→ **Stored data**:
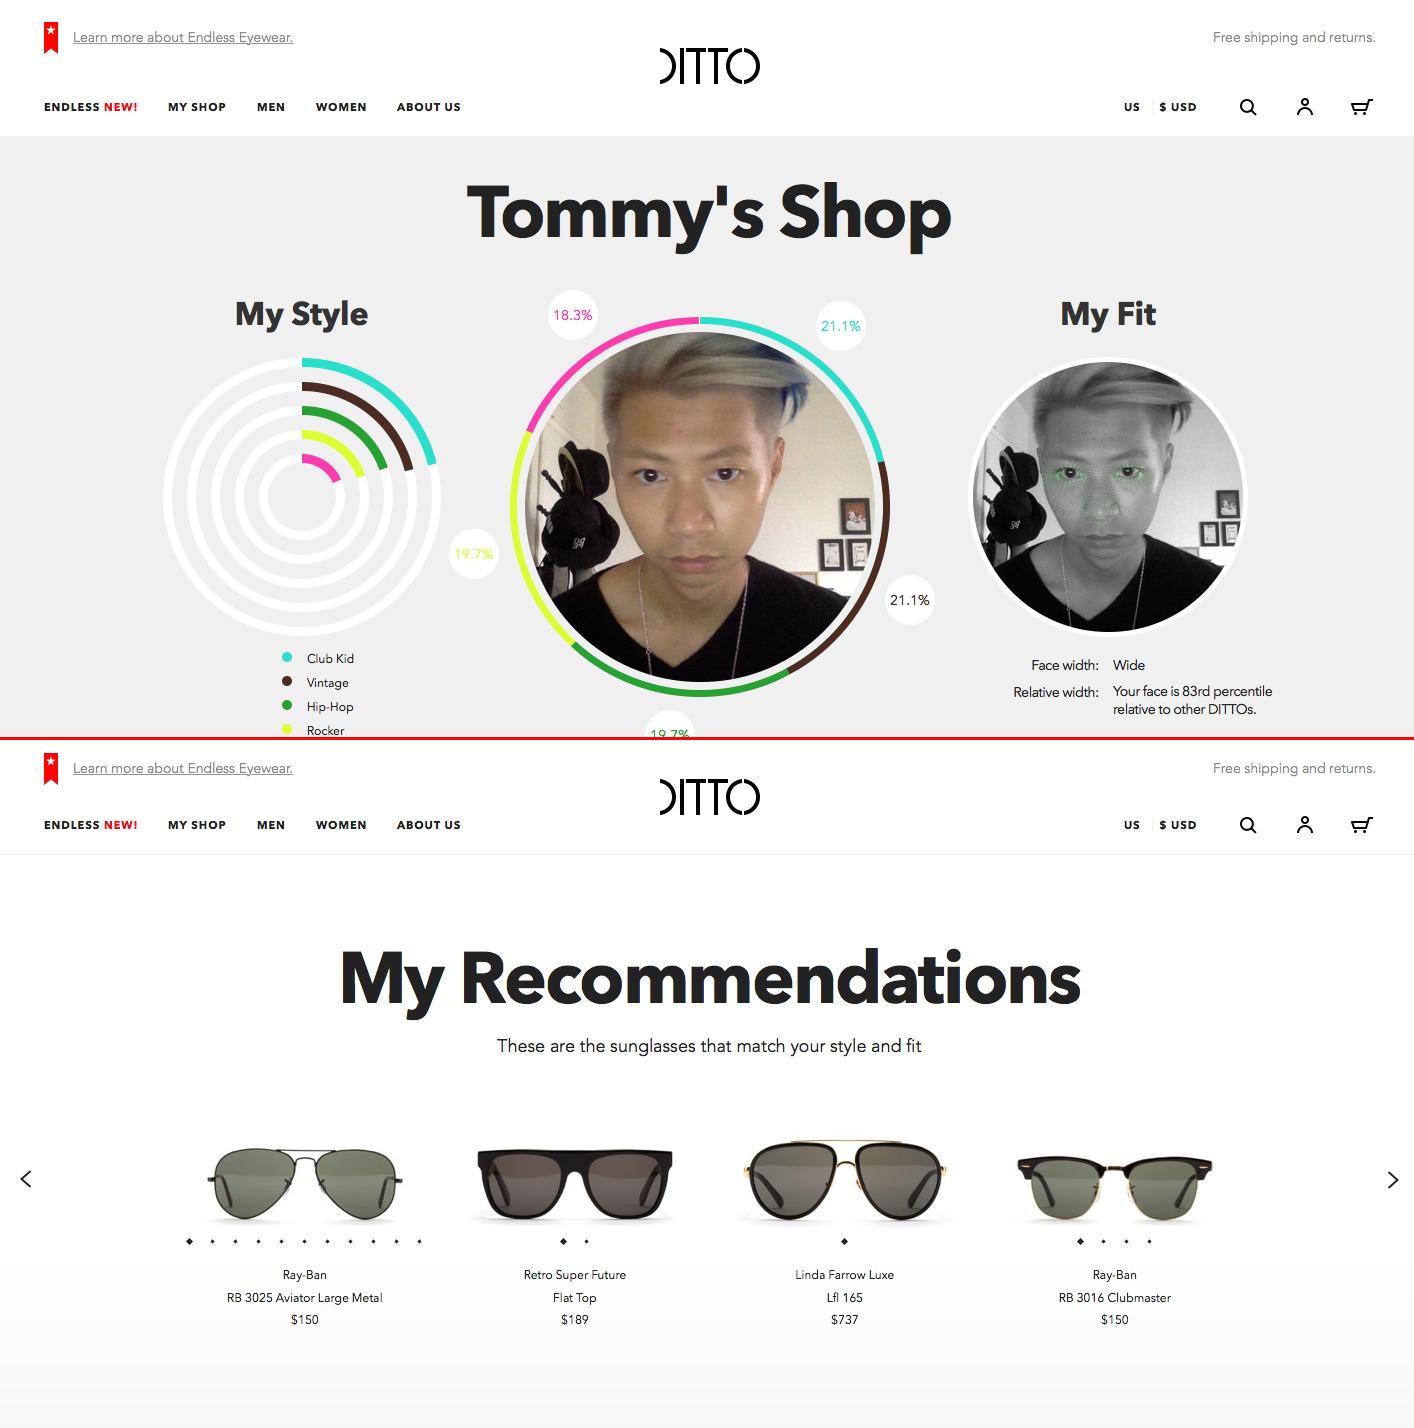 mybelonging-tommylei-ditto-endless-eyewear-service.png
* * *
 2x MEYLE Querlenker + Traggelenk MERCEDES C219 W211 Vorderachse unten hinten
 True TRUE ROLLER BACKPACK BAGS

→ **Task details**: Given the records above, restate word for word only the lines starting at the one with "2x MEYLE Querlenker" and ending at the one with "True TRUE ROLLER BACKPACK BAGS".

→ **Task solution**:
 2x MEYLE Querlenker + Traggelenk MERCEDES C219 W211 Vorderachse unten hinten
 True TRUE ROLLER BACKPACK BAGS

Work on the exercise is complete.